— Task goal —
Copy exactly, and only, the lines from the one with "Herzkelch oder Amazonaslilie" to the end of the listing; omit pictures.

— Data extract —

=== Section Start ===

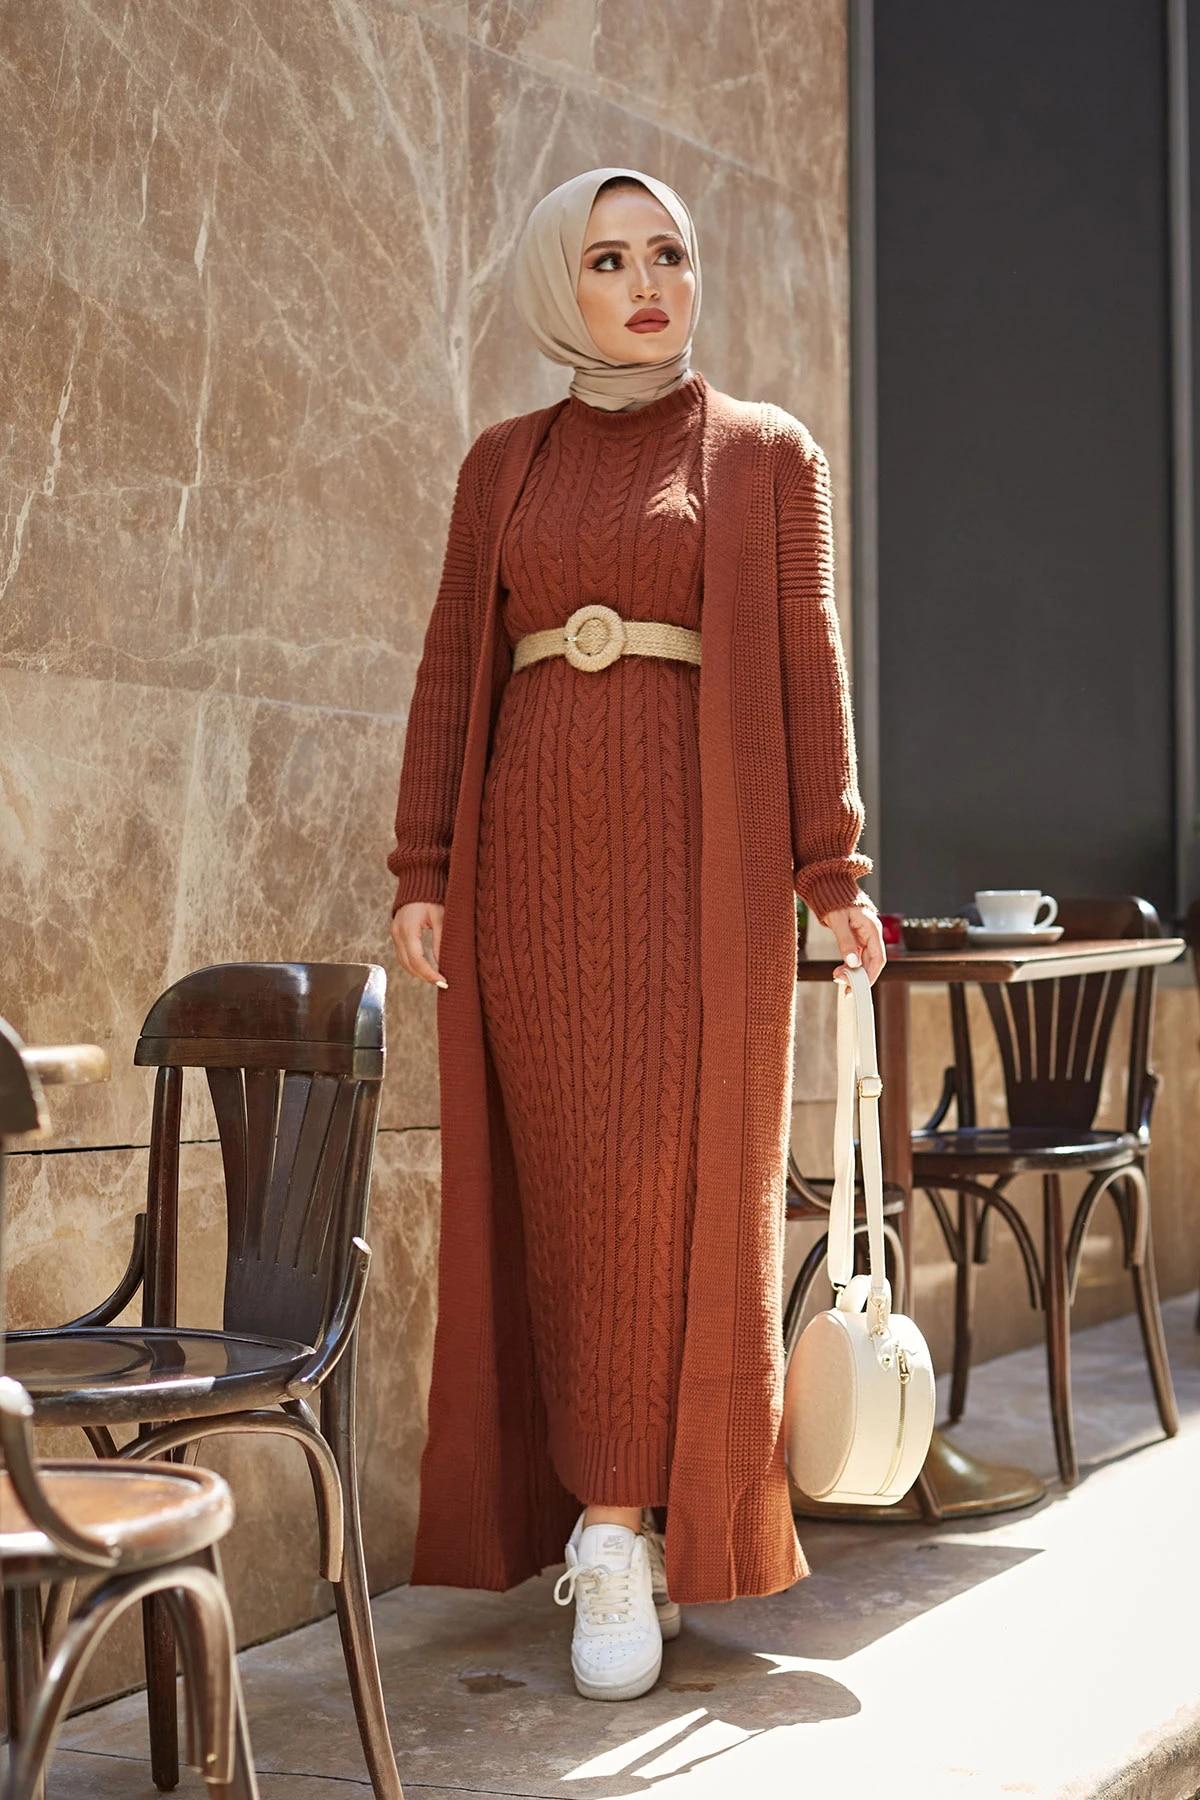 Комплект из 2 предметов, пальто для женщин Арабский мусульманка одежда длинное платье для зимы и осени, امرأة ستر Дубай модные английские
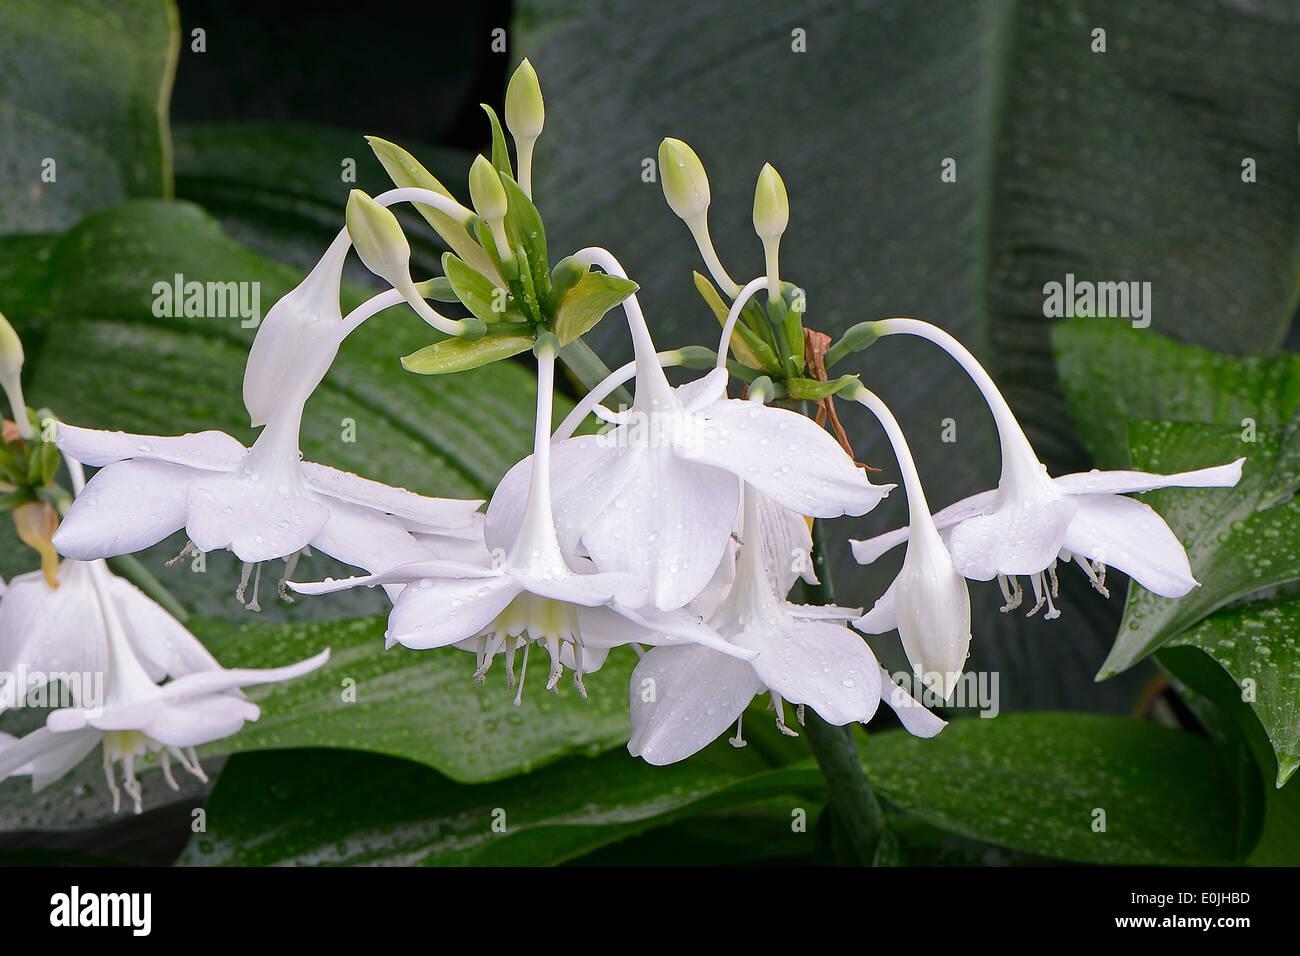 Herzkelch oder Amazonaslilie ( Eucharis amazonica), Vorkommen Südamerika - Stock Image
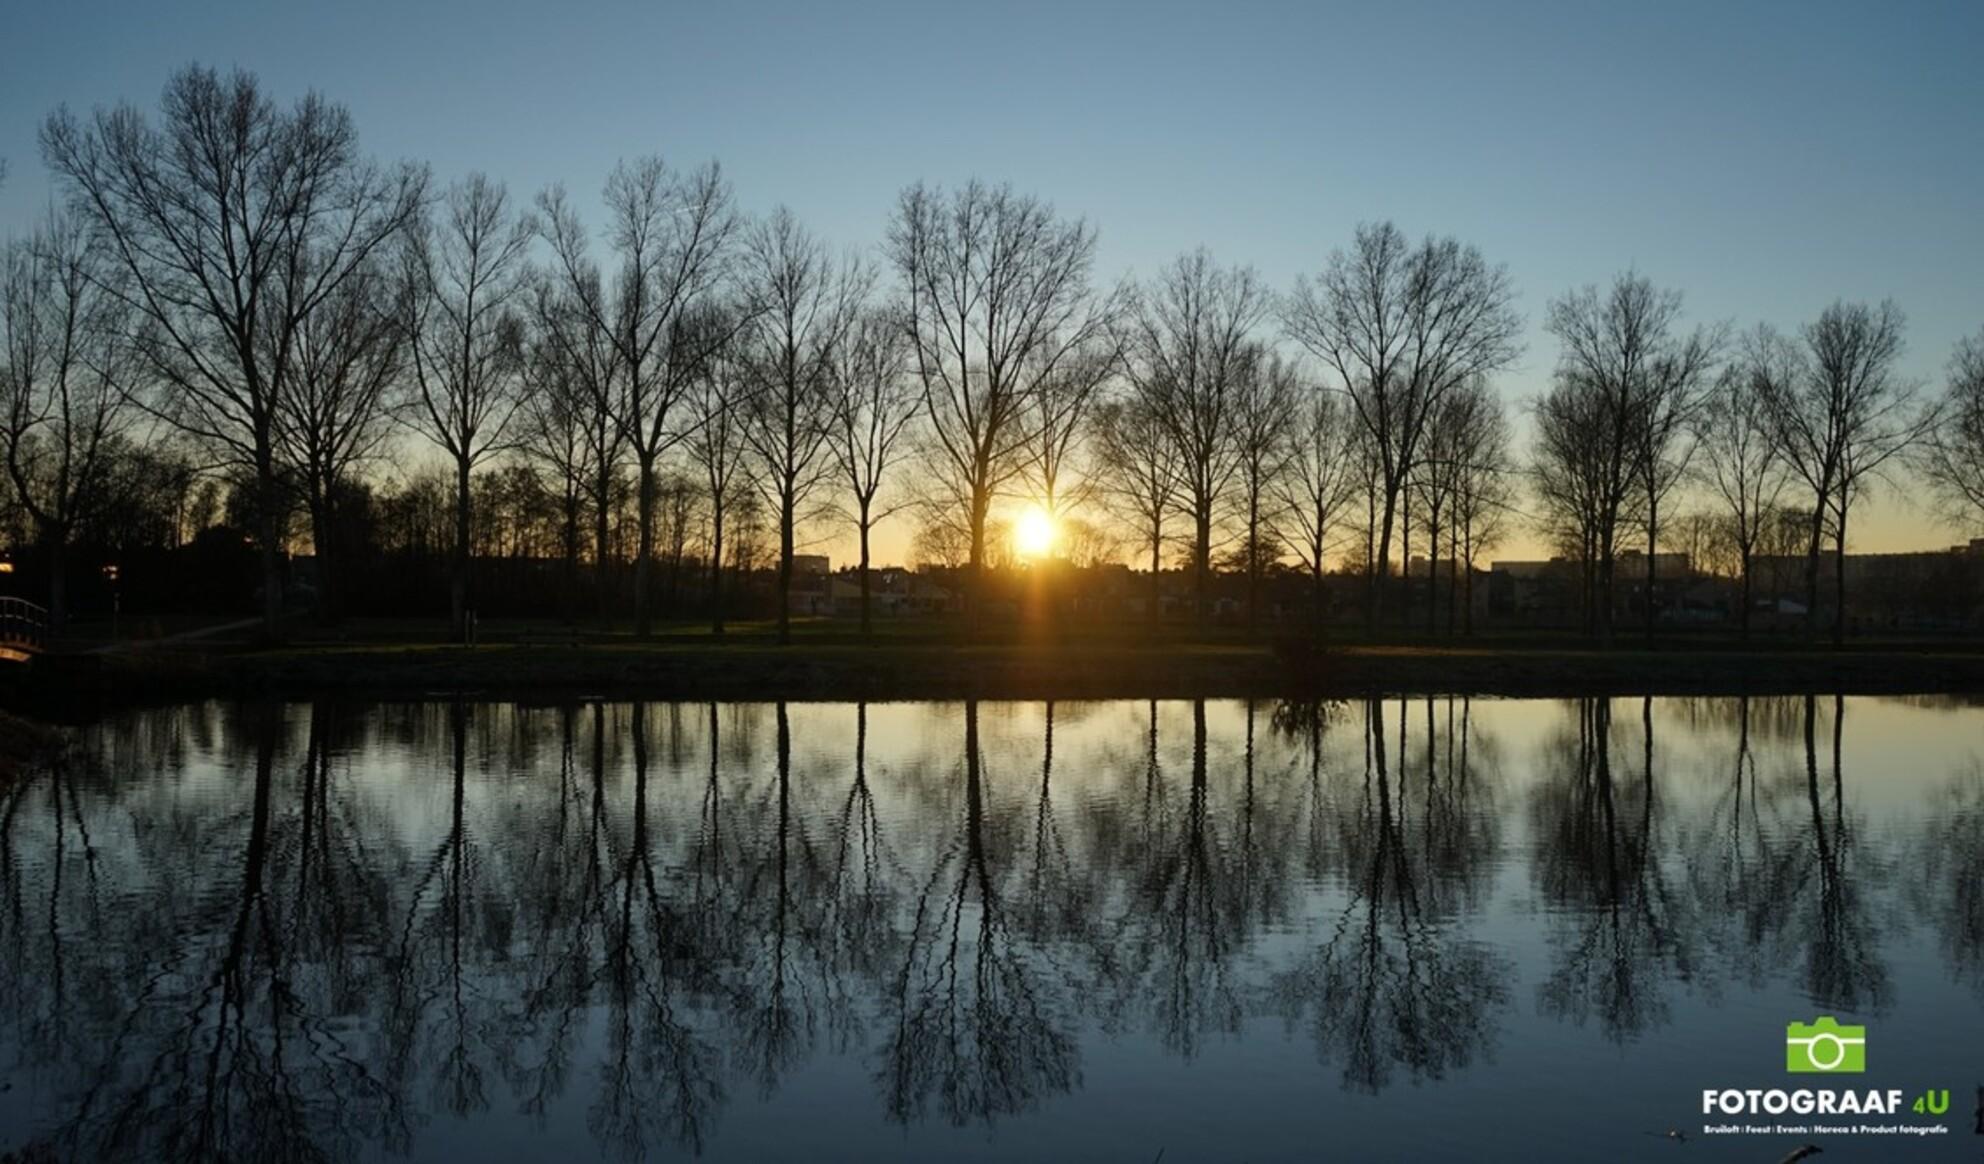 Ondergaande (winter) Zon - Fotograaf4U - Ondergaande (winter) Zon - foto door Fotograaf4U op 24-02-2019 - deze foto bevat: zon, water, sunset, natuur, zonsondergang, landschap, tegenlicht, winter landschap, water reflectie, zon schijnt door de bomen, ondergaande winter zon

=== Section End ===

— Result —
 Herzkelch oder Amazonaslilie ( Eucharis amazonica), Vorkommen Südamerika - Stock Image
 Ondergaande (winter) Zon - Fotograaf4U - Ondergaande (winter) Zon - foto door Fotograaf4U op 24-02-2019 - deze foto bevat: zon, water, sunset, natuur, zonsondergang, landschap, tegenlicht, winter landschap, water reflectie, zon schijnt door de bomen, ondergaande winter zon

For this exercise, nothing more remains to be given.